WORK INSTRUCTIONS:
Your answer should be the lines below from the one holding "Jessica Simpson born, 1980" through the one holding "Столик, журнальный стол, кофейный", copied exactly and with nothing else.

INPUT FOR THIS TASK:
┄┄┄┄┄┄┄┄┄┄┄┄┄┄┄┄┄┄┄┄

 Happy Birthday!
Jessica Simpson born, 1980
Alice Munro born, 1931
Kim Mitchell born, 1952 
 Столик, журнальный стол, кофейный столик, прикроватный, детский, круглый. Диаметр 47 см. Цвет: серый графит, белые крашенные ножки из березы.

┄┄┄┄┄┄┄┄┄┄┄┄┄┄┄┄┄┄┄┄

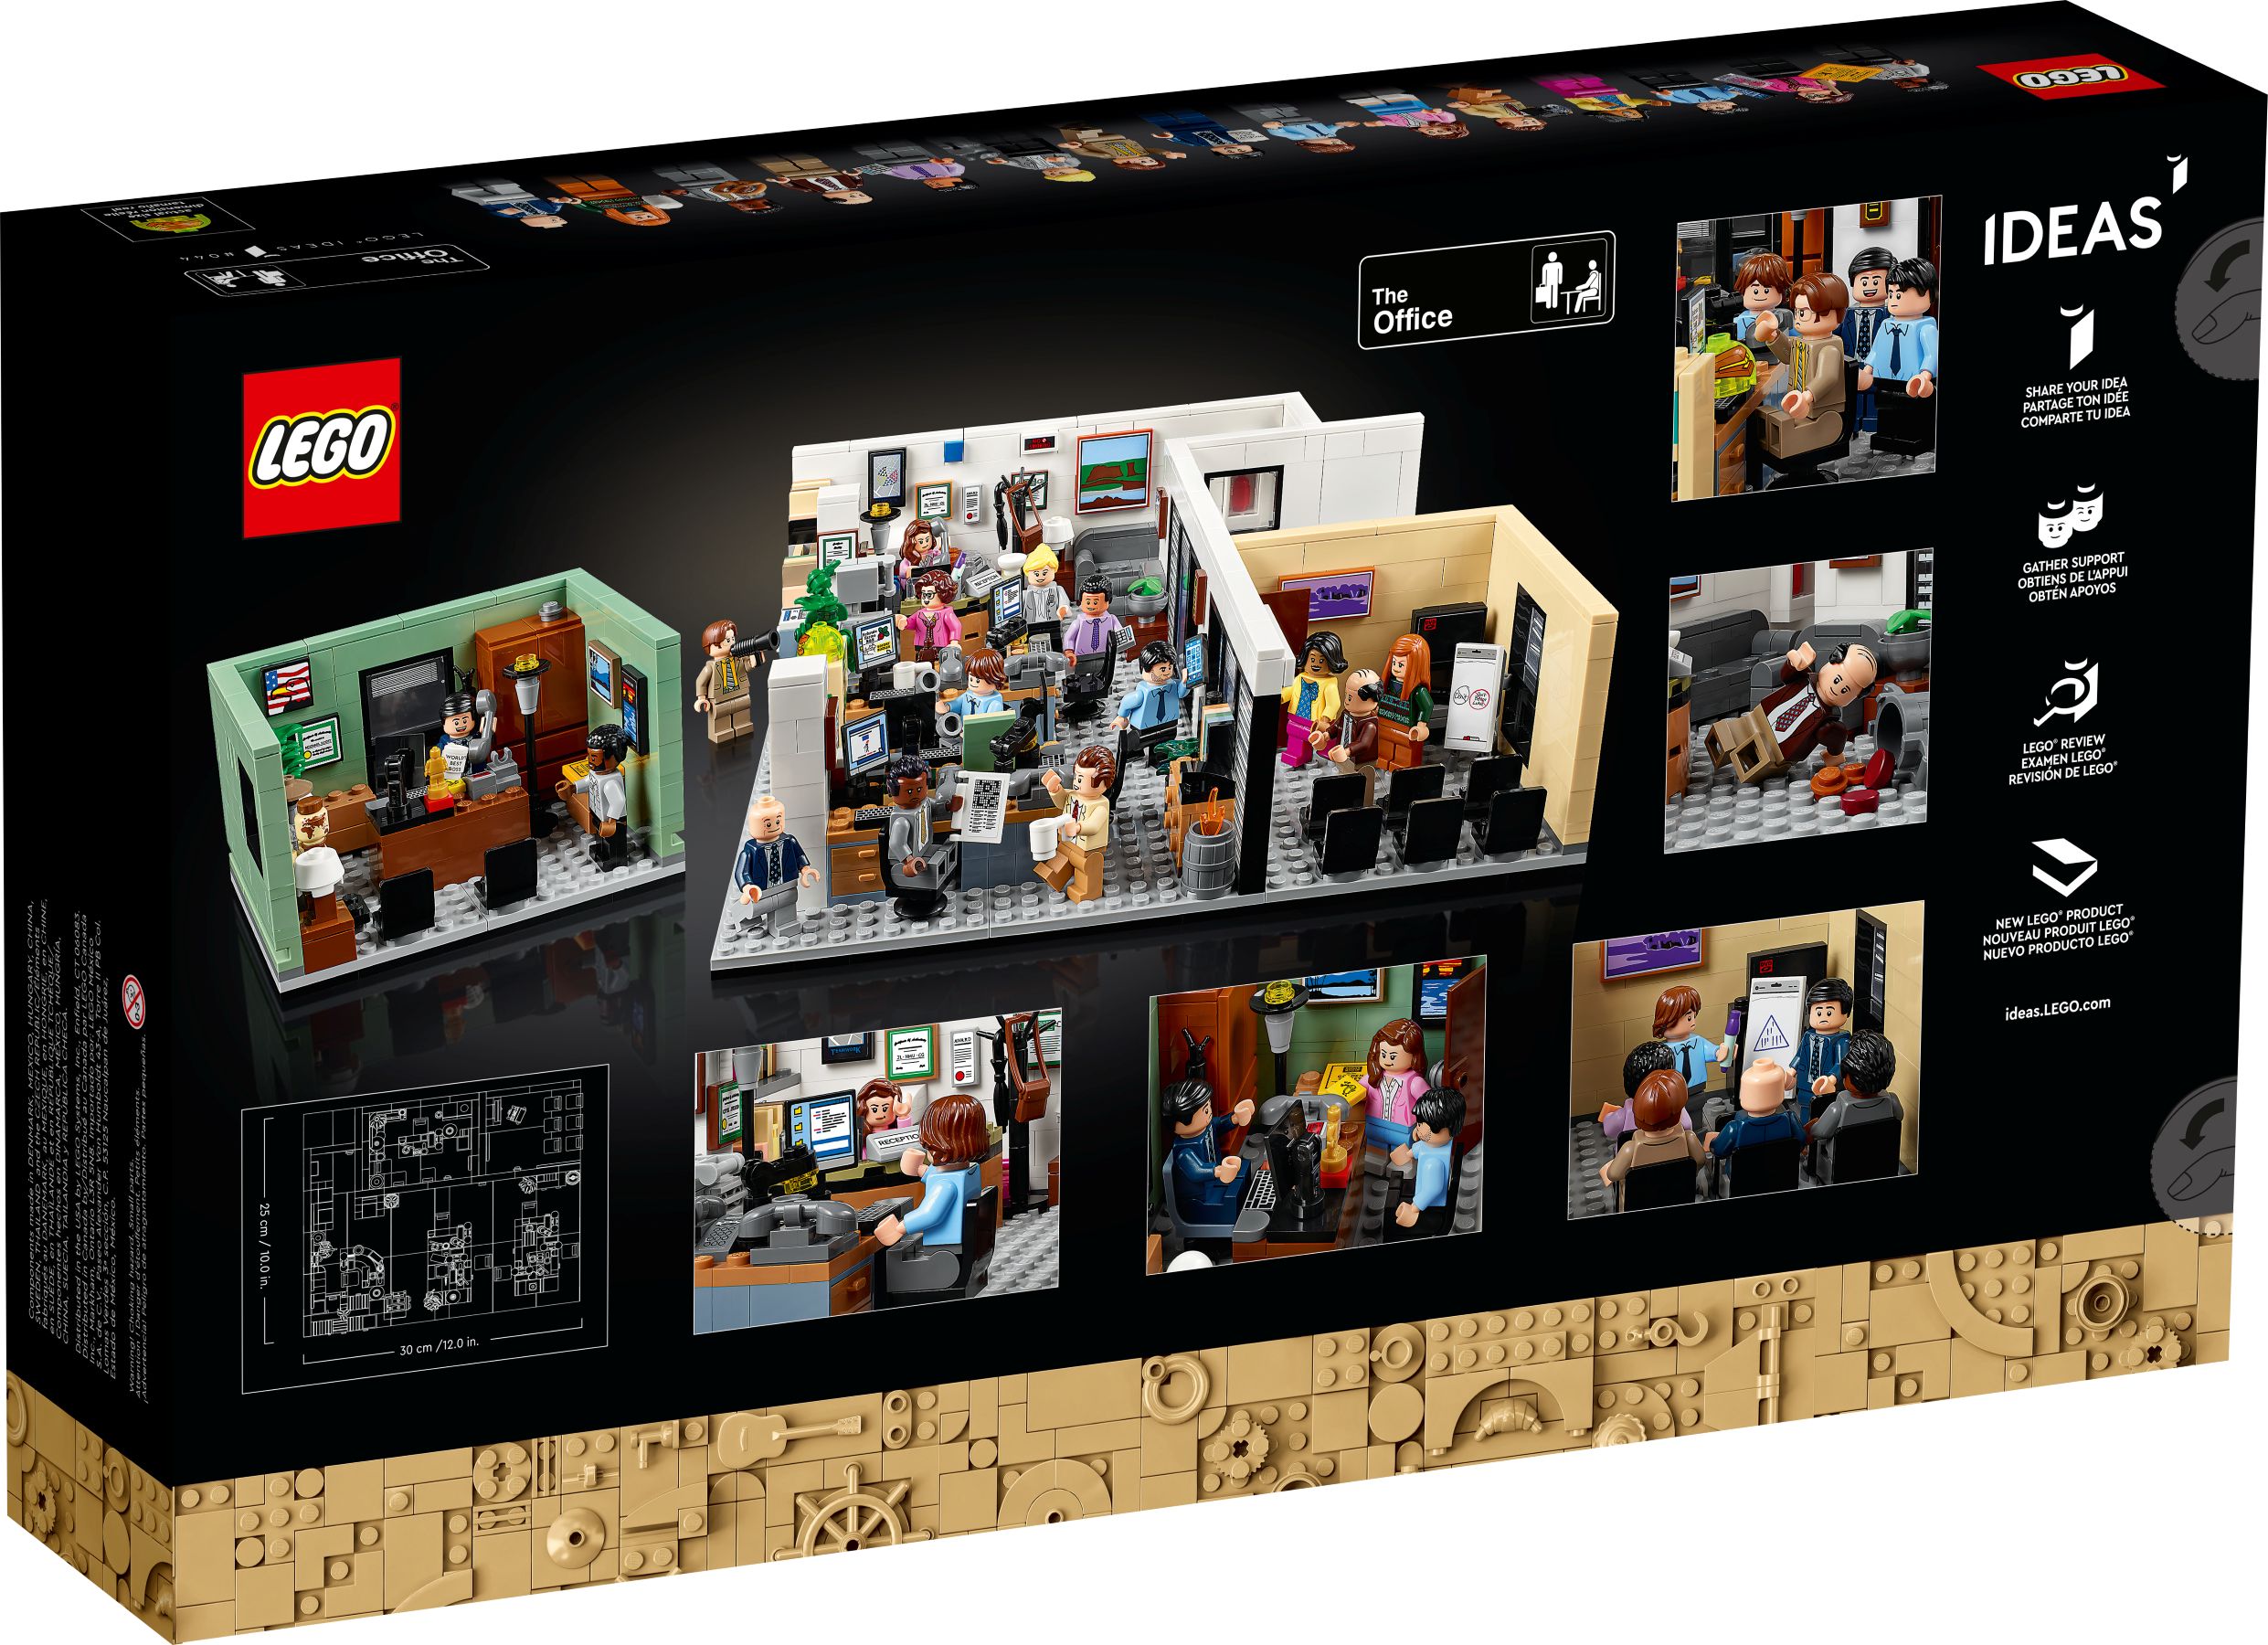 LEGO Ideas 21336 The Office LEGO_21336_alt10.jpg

┄┄┄┄┄┄┄┄┄┄┄┄┄┄┄┄┄┄┄┄

REPLY TO THE EXERCISE:
Jessica Simpson born, 1980
Alice Munro born, 1931
Kim Mitchell born, 1952 
 Столик, журнальный стол, кофейный столик, прикроватный, детский, круглый. Диаметр 47 см. Цвет: серый графит, белые крашенные ножки из березы.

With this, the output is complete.